Вещи могут выйти из подчинения человеку, как это происходит в рассказе «Мишени наступают». Мишень – это материализованная фигура мнимости, мнимый солдат. Для прозаика характерен интерес к оппозиции: «оживление мертвого/омертвление живого». Мишени, изрешеченные пулями во время бесконечных учений, вдруг восстают против своих обидчиков – живых людей. Безответность мишеней вполне соотносима с безответностью живых людей, ставших «пушечным мясом» или простым приложением к артиллерийскому орудию. В самом деле, жизнь обрела в ХХ столетии черты всепоглощающего театра марионеток. Человека превратили в средство манипуляции, в послушный предмет, в примитивную «орудийную прислугу».

Система отношений человека и вещи рождает, по Кржижановскому, несколько вероятных моделей поведения. Можно подчинить вещь себе, и тогда созидаемый тобой предметный мир становится миниатюрным подобием Вселенной. Коллекционируя странности, можно придать этому миру чарующую таинственную глубину и неповторимость. Можно попытаться найти в самых обыкновенных вещах какое-то подобие души, как это, скажем, делают герои новеллы «Состязание певцов», вслушиваясь в переливчатые трели своих закипающих чайников. «Белый, высокогорлый, с чуть примятым левым боком чайник», по общему признанию, оказывается победителем на конкурсе кухонных «певцов» − другие чайники не смогли с ним сравняться в чистоте звука.

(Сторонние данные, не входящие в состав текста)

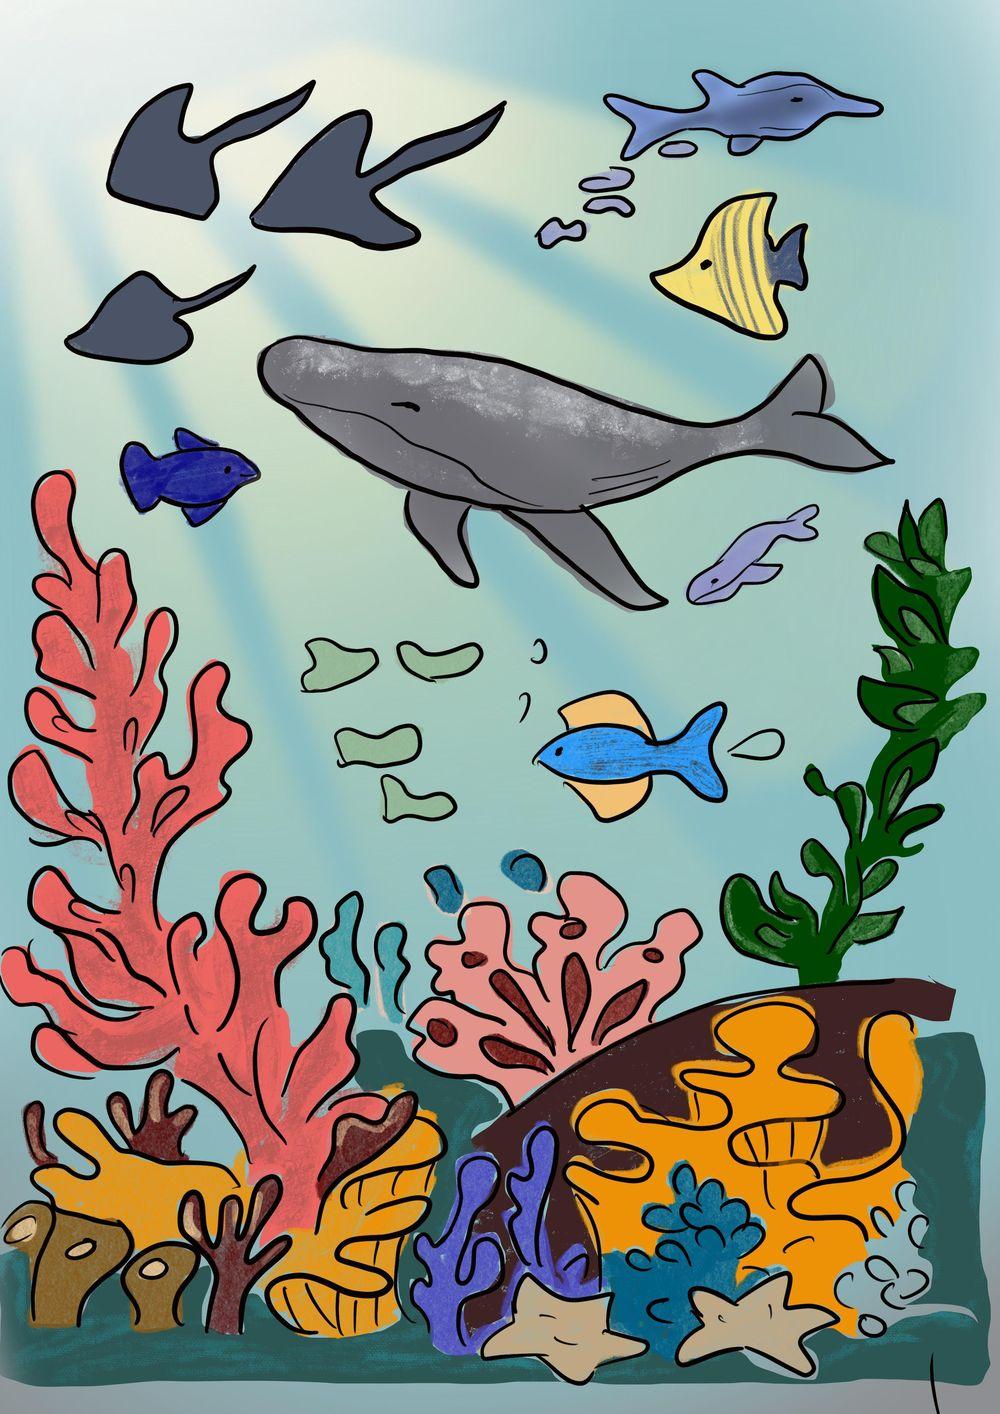 Underwater scene digital illustration - image 1 - student project

Однако тяга к обладанию вещами может парадоксально превратить увлекшегося обладателя в жалкого заложника, раба в царстве вещей, навсегда прикованного незримыми цепями к сундукам с несметными богатствами. Можно, конечно, построить и мир, абсолютно лишенный вещей, тотально отринув их от себя, объявив наличную предметную действительность принципиально непознаваемой («Катастрофа»), но тогда этот мир «безвещья» ужаснет своей космически-запредельной пустотой и сиротством.

EugeneOnegin_Unknown_575

Кржижановский — автор инсценировки «Евгения Онегина» на музыку Прокофьева (1936).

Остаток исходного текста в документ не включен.